Turns out, eating foods with fat — everything from avocados and nuts to dairy fat — doesn't make us fat.

But eating too many carbohydrates — particularly the heavily refined starches found in bagels, white pasta and crackers — does our collective waistlines no favors.

A new study published in the Annals of Internal Medicine adds to the body of evidence that cutting back on carbs, not fat, can lead to more weight loss.

Researchers at Tulane University tracked two groups of dieters for one year. The participants ranged in age from their early 20s to their mid-70s and included a mix of African-Americans and Caucasians.

The low-carb group, which reduced their carb consumption to about 28 percent of their daily calories, lost almost three times as much weight as the low-fat dieters who got about 40 to 45 percent of their calories from carbs.

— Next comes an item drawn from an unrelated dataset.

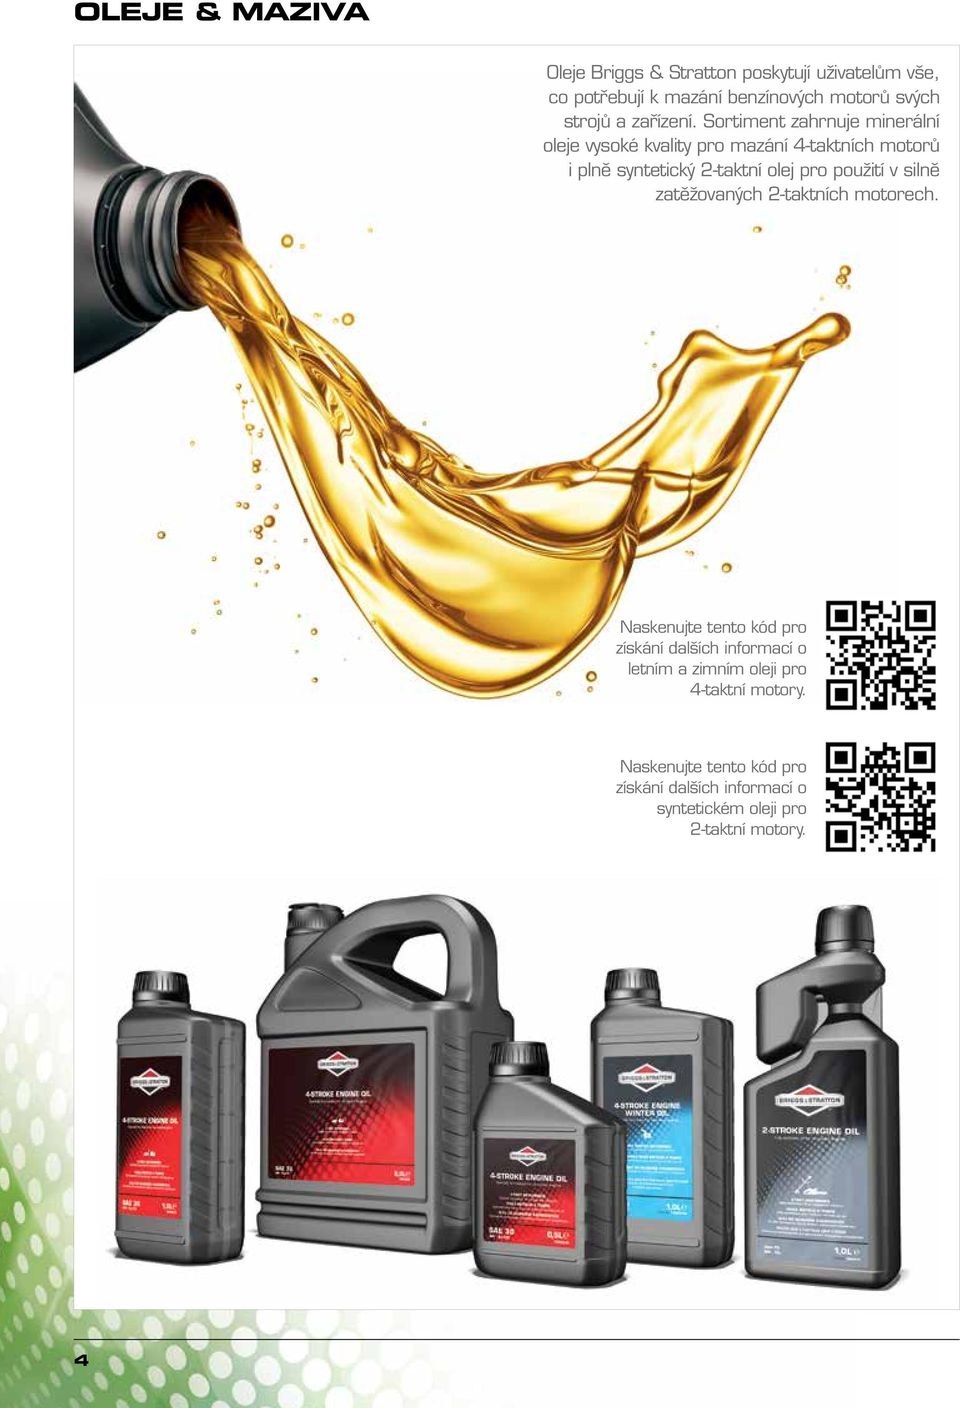 Sortiment zahrnuje minerální oleje vysoké kvality pro mazání 4-taktních motorů i plně syntetický 2-taktní olej pro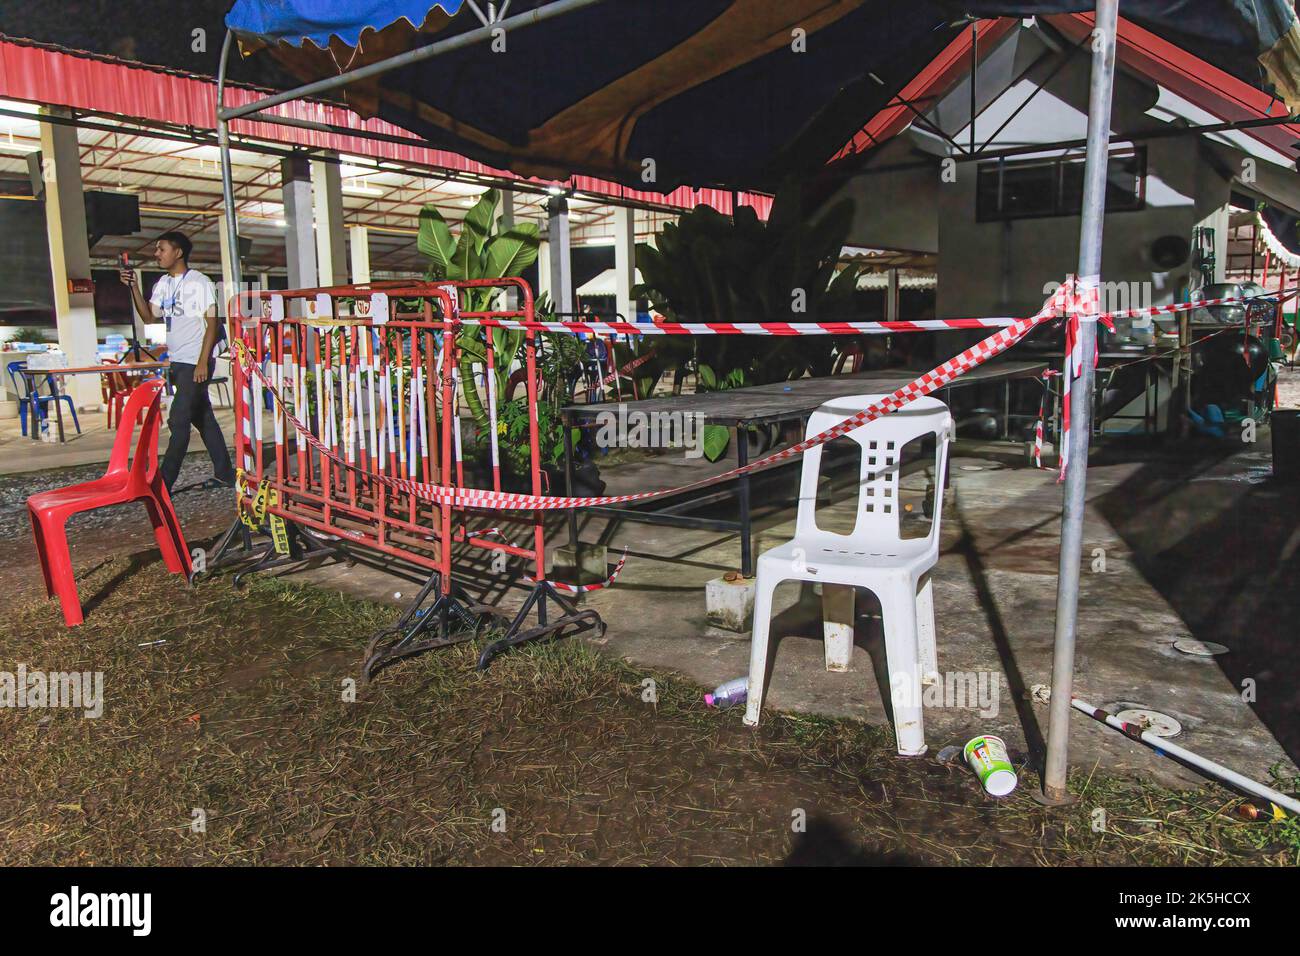 Die Außenküche, in der das Massaker begann, wird mit einem Polizeiband abgesperrt. Die Nachwirkungen eines Kanonen- und Messerangriffs eines ehemaligen Polizisten, der in einer Baumschule im Bezirk Na Klang in der Provinz Nong Bua Lamphu im Nordosten Thailands begann. Dieses Massaker endete mit 38 Toten, darunter 24 Kinder. Der Mörder wurde als der ehemalige Polizeibeamte Panya Khamrab identifiziert, der später in seinem Haus Selbstmord beging, nachdem er seine Frau, seinen Sohn und zwei andere Verwandte am selben Tag getötet hatte. Stockfoto

The low-fat group lost about 4 pounds, whereas the low-carb group's average weight loss was almost 12 pounds. Participants in the two groups were eating about the same amount of calories.

Lydia Bazzano, one of the study authors and an associate professor of epidemiology at Tulane, says she had anticipated some difference in weight loss between the two groups. But the size of the effect — the nearly 8-pound difference in weight loss — was surprising, she says.

So, what kinds of meals were the low-carb dieters eating?

"Typically in the morning they were eating eggs," says Bazzano. Other breakfast items included small portions of high-protein, high-fiber bread, with either butter or other kinds of oily spread.

As for lunch and dinner, the low-carb dieters ate lots of vegetables, salads and protein, including fish, chicken and some red meat. They had generous portions of healthy fats such as olive oils, canola and other plant-based oils.

Fat accounted for a sizable part of their diet: from 40 percent to 43 percent of their total daily calories, including about 12 percent from saturated fat.

Bazzano says with so many people still abiding by low-fat recommendations, a diet so high in fat might not sound like a good weight-loss strategy. "It's not the general perception," she says.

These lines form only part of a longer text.